(August 4, 2017 at 11:17 am)Thumpalumpacus Wrote:(August 4, 2017 at 9:40 am)Neo-Scholastic Wrote: My general principle is that things are as they appear to be until shown otherwise. That seems to serve me pretty well personally, so all I'm really doing is extending. I've had many uncanny experiences and bizarre improbable encounters, that defy any naturalistic explanation. Every family has some ghost story. I haven't a clue what the alien abduction/UFO phenomena is all about but something is going on that does't fit any model we have for how the world works. Yes, these are anecdotes, but ones that are so widespread, universal, and persistent down through the ages that I cannot simply rule them out as "improbable". They happen all the time. So for me the Bayesian argument doesn't really apply.

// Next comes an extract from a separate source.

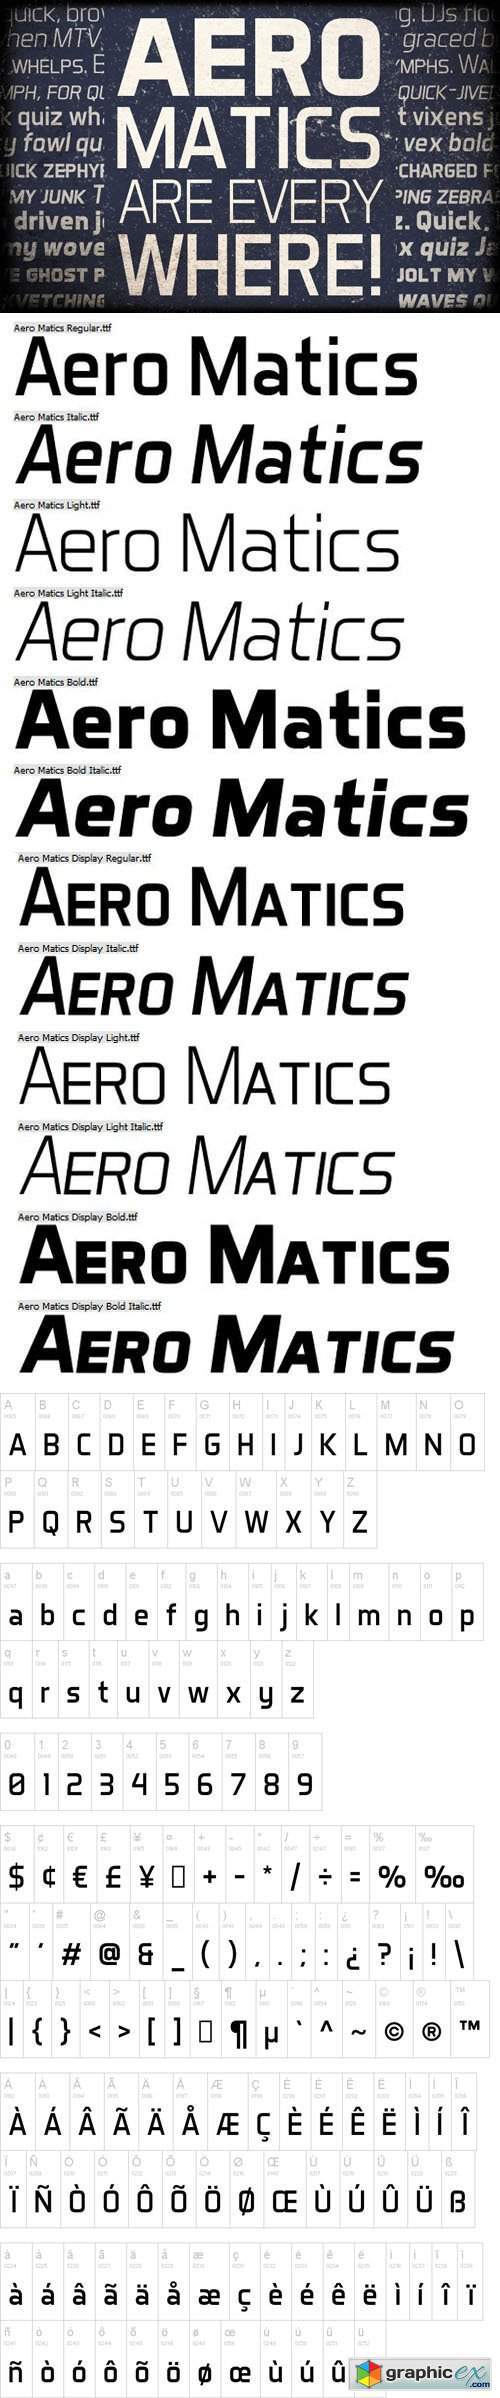 Aero Matics Font [12-Weights]
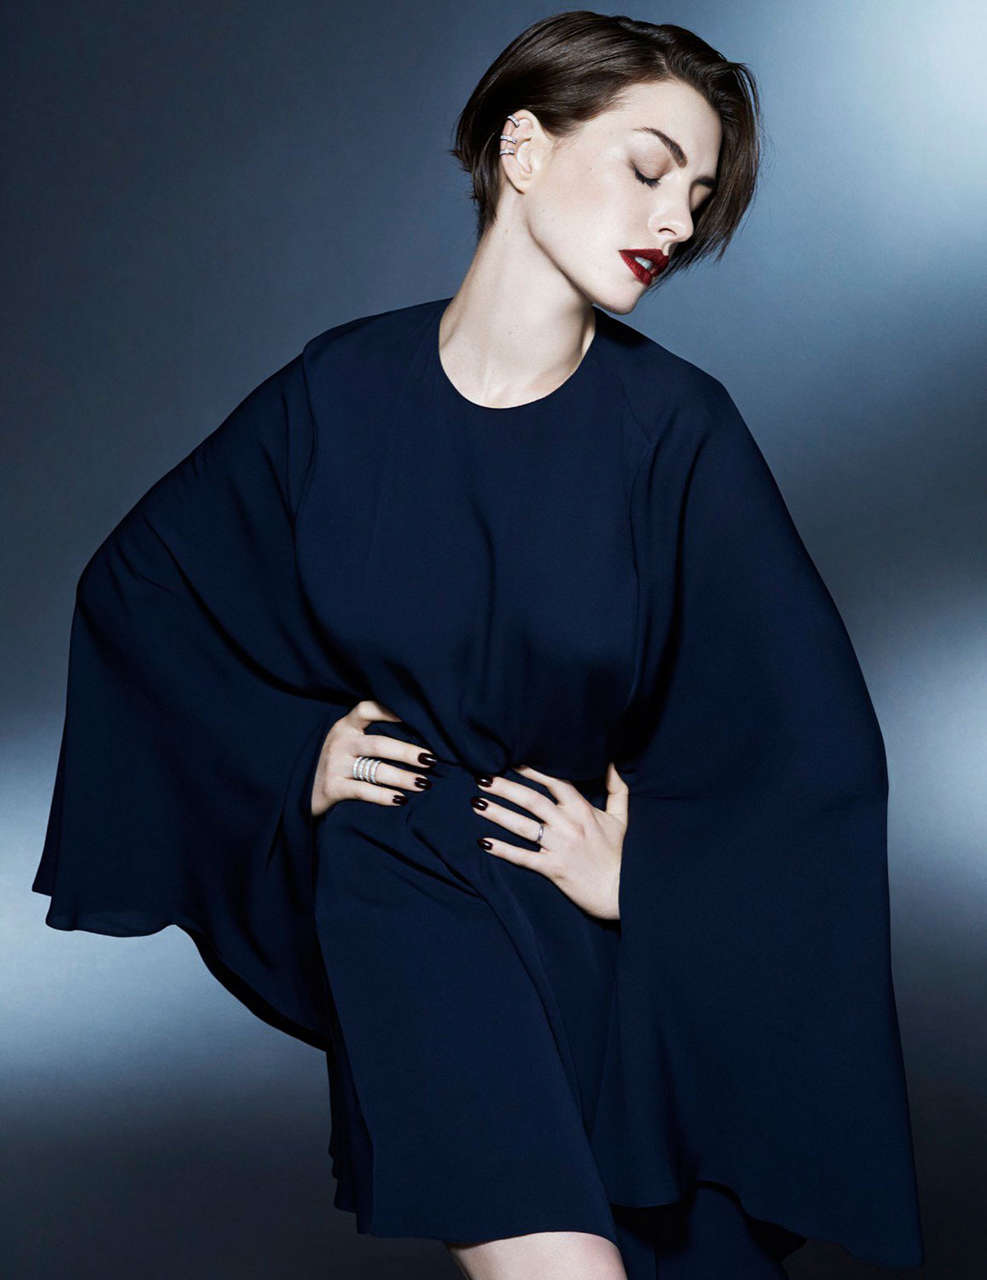 Anne Hathaway Elle Magazine November Uk 2014 Issue

I have no clue what Bayesian statistics has to say about it. I tried reading it upthread but my eyes glazed over and I think my chin hit my chest once or twice. My point is simply that I find "I don't know" to be a perfectly acceptable provisional answer, and I don't understand why your particular god should be the default answer in the face of ignorance.
Hi Thump,
Bayesian theorem certainly has it's uses. However, I think it is often mis-used in a historical sense. If you do not have other information such as in a future condition, possibly a historic investigation, then Baye's is useful, in telling you what has more likely hood as being true. However with information which supports the less likely view as being true, I do not believe it is good to refute that evidence. It is about probabilities. There is also the issue of what assumptions are made in probabilities entered into the formula.
But the reason, I posted, is that I agree. We should be able to say I don't know, and that should be the default. I don't think that arguing a god of the gaps is a good method. Although that accusation can also be abused, ignoring the reasons why God or something like god is a better explanation. However I don't think the theist is alone in this. An atheist's tendency in this situation; I have observed, is to deny, and claim the observer as mistaken, crazy or something similar (or if unable to deny, then well there must be a naturalistic cause (science will figure it out someday). Here too, I think that often, it may be better to just say I don't know. Not that there can't be reasons for these answers, but they are a claim that needs to be supported.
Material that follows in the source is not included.